• **TASK TO CARRY OUT**
Look below for the line with "Champagne - etiket", then repeat it and all lines after it, exactly, minus any pictures.

• **DATASET EXTRACT**
########
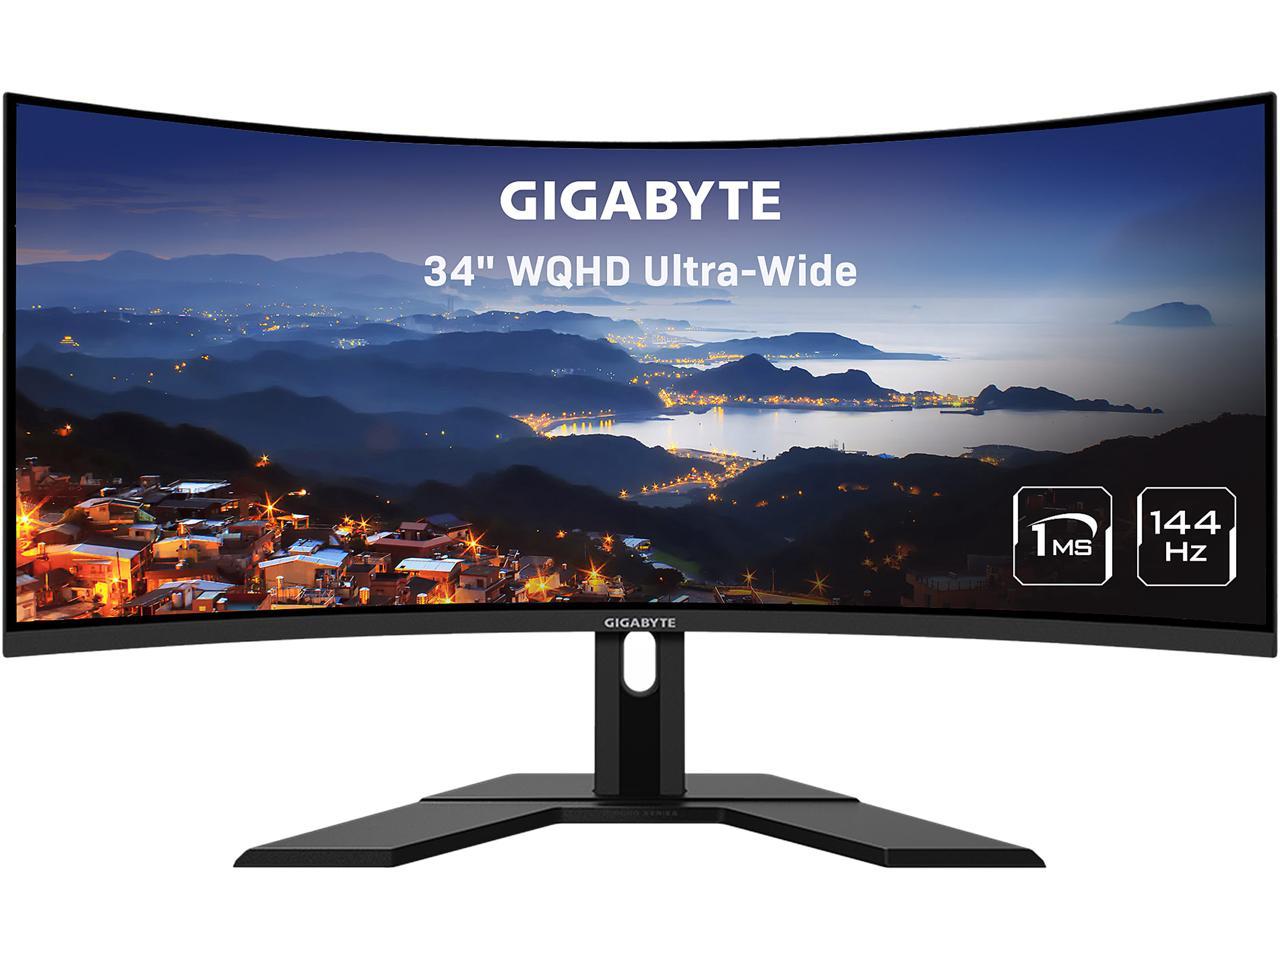 34" GIGABYTE G34WQC A-SA  UWQHD 144Hz HDR400 Curved Gaming Monitor $370
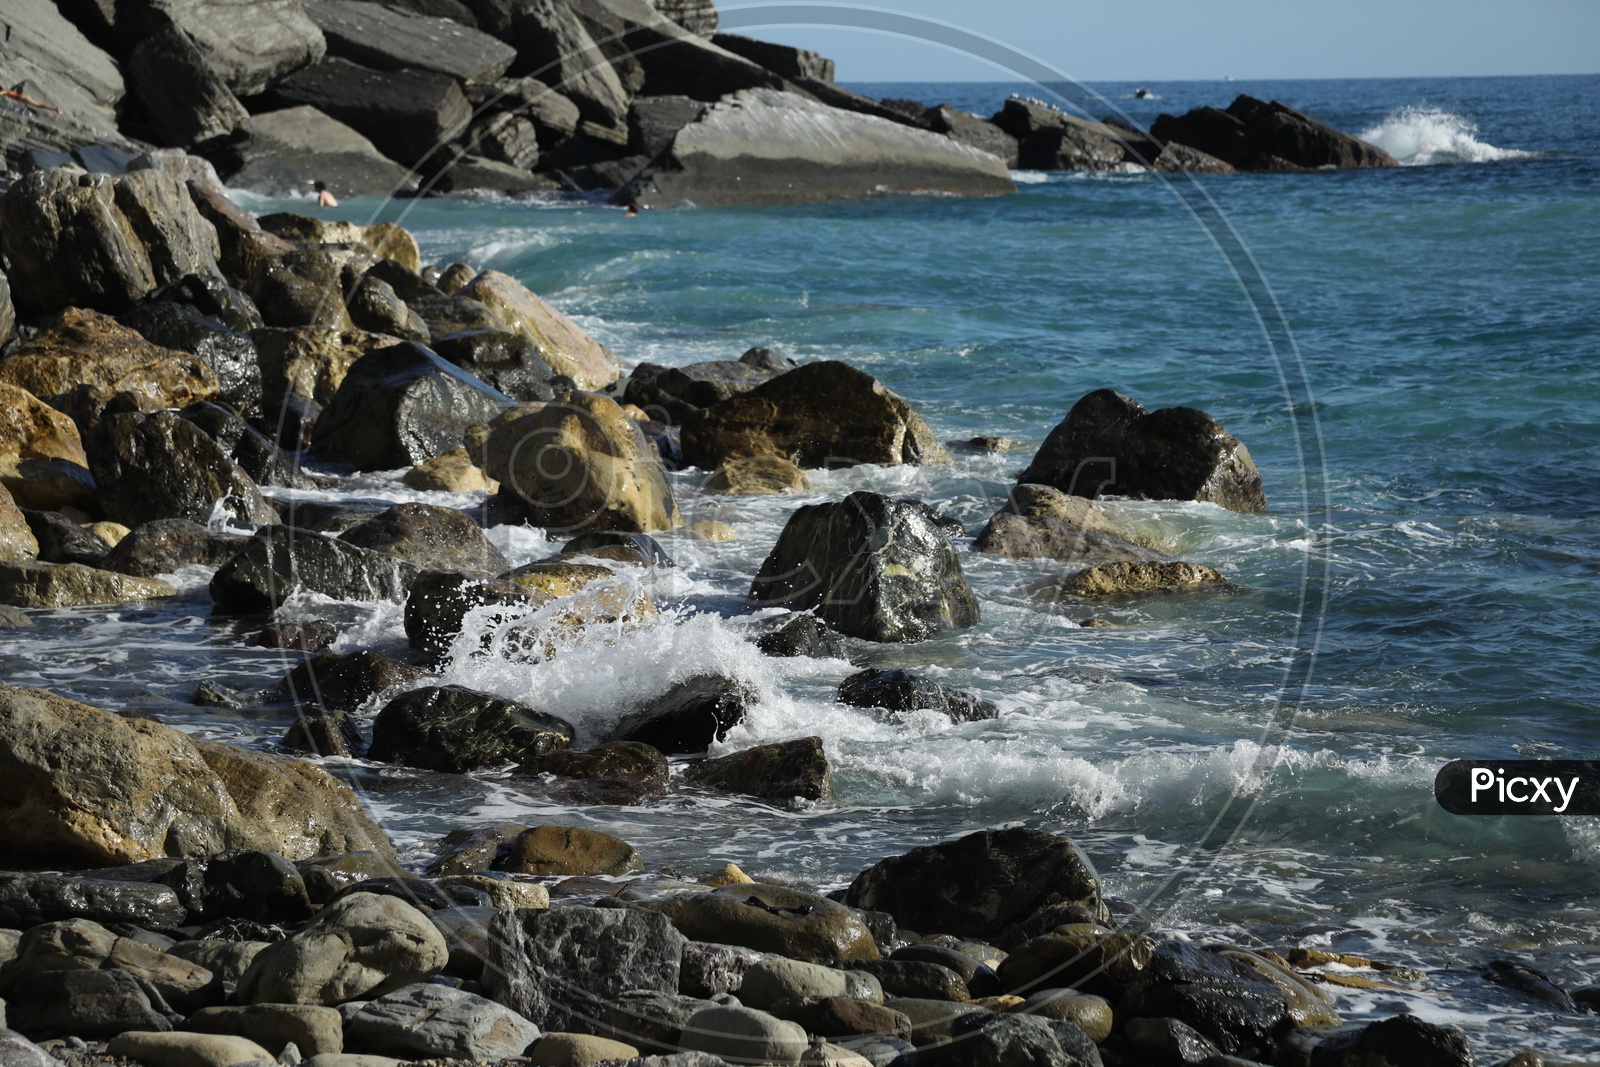 Sea / Ocean Waves Striking Rocks In a Beach
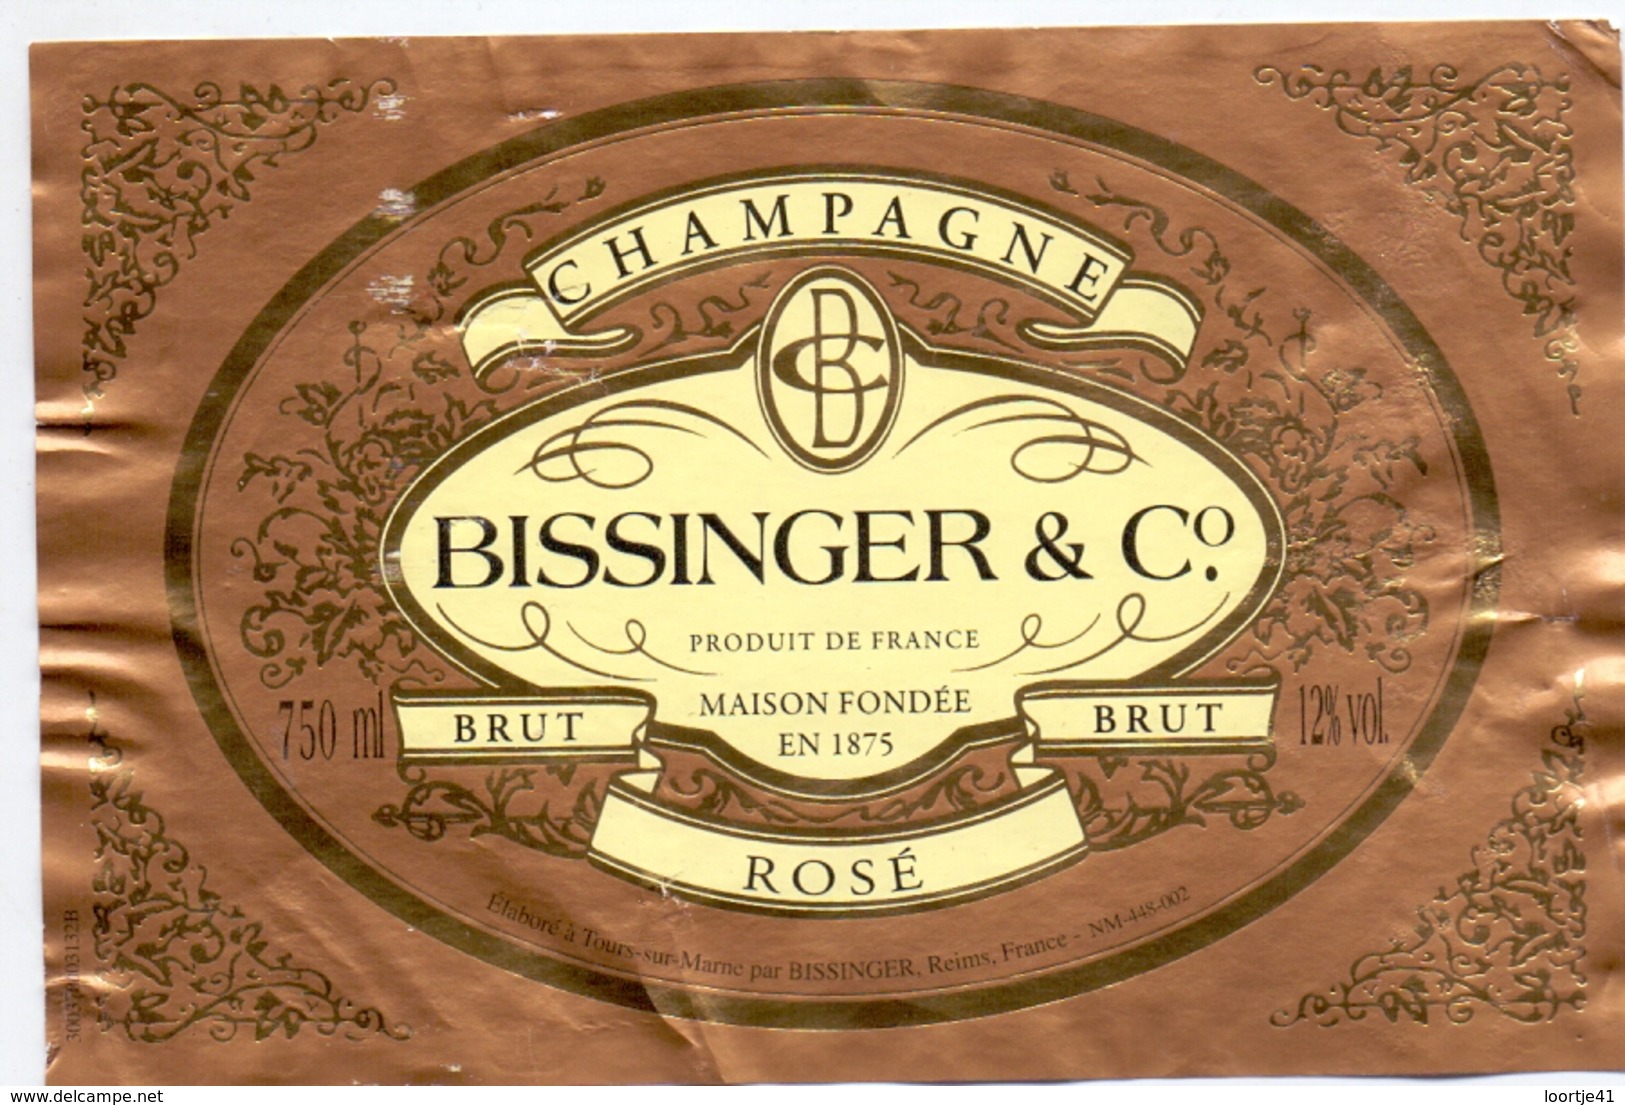 Champagne - etiket etiquette - vin - wijn - Champagne - Bissinger - Rosé
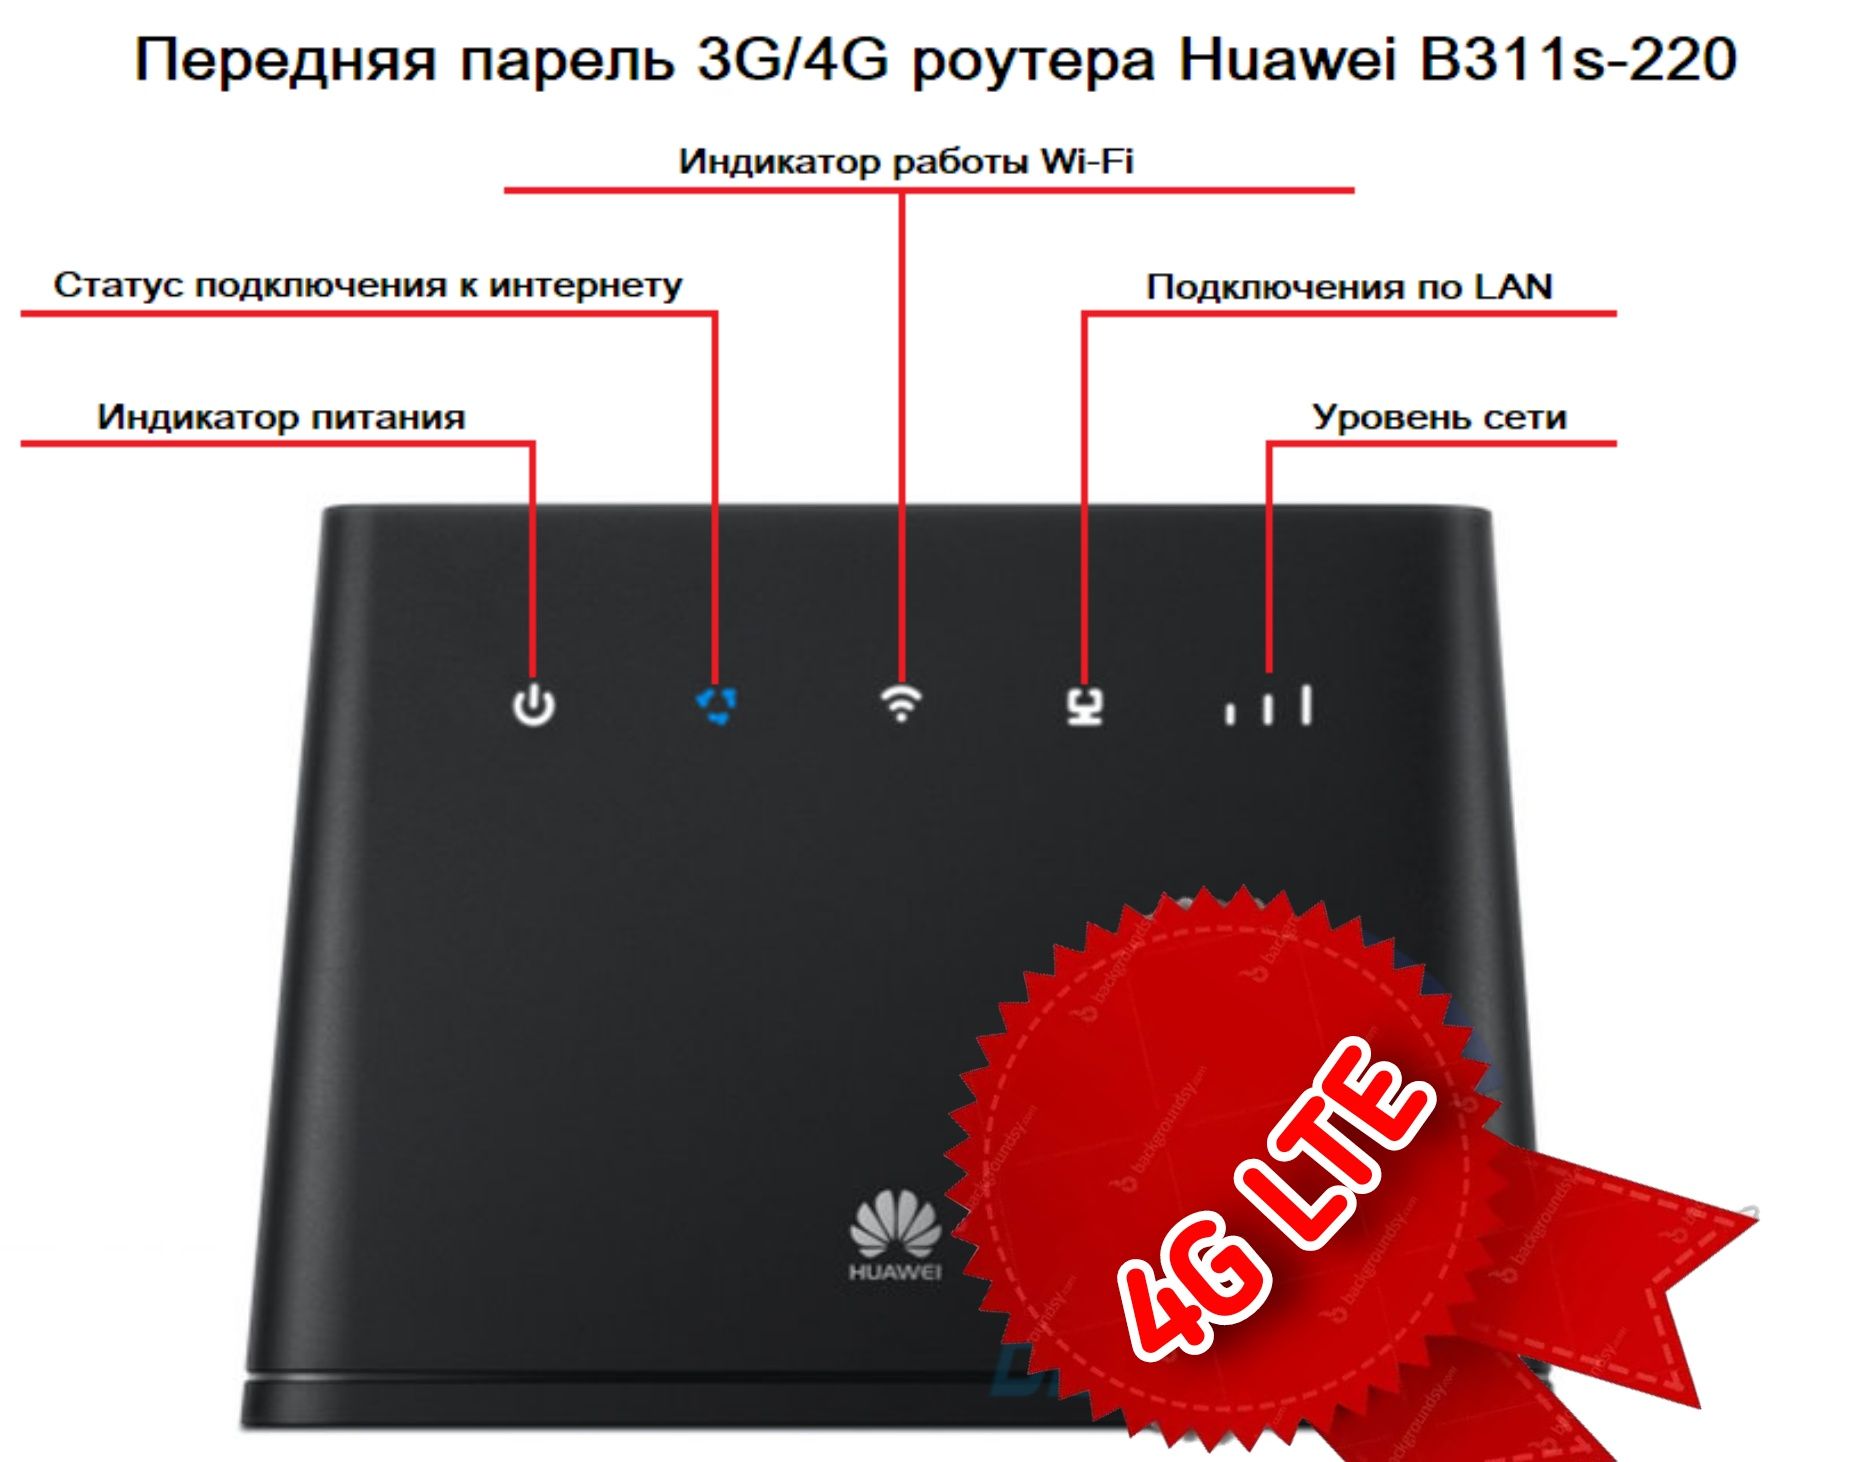 4G LTE комплект Huawei B311 антенна Agata F с высоким усилением 17 дб
########
• **REPLY**
 Champagne - etiket etiquette - vin - wijn - Champagne - Bissinger - Rosé
 4G LTE комплект Huawei B311 антенна Agata F с высоким усилением 17 дб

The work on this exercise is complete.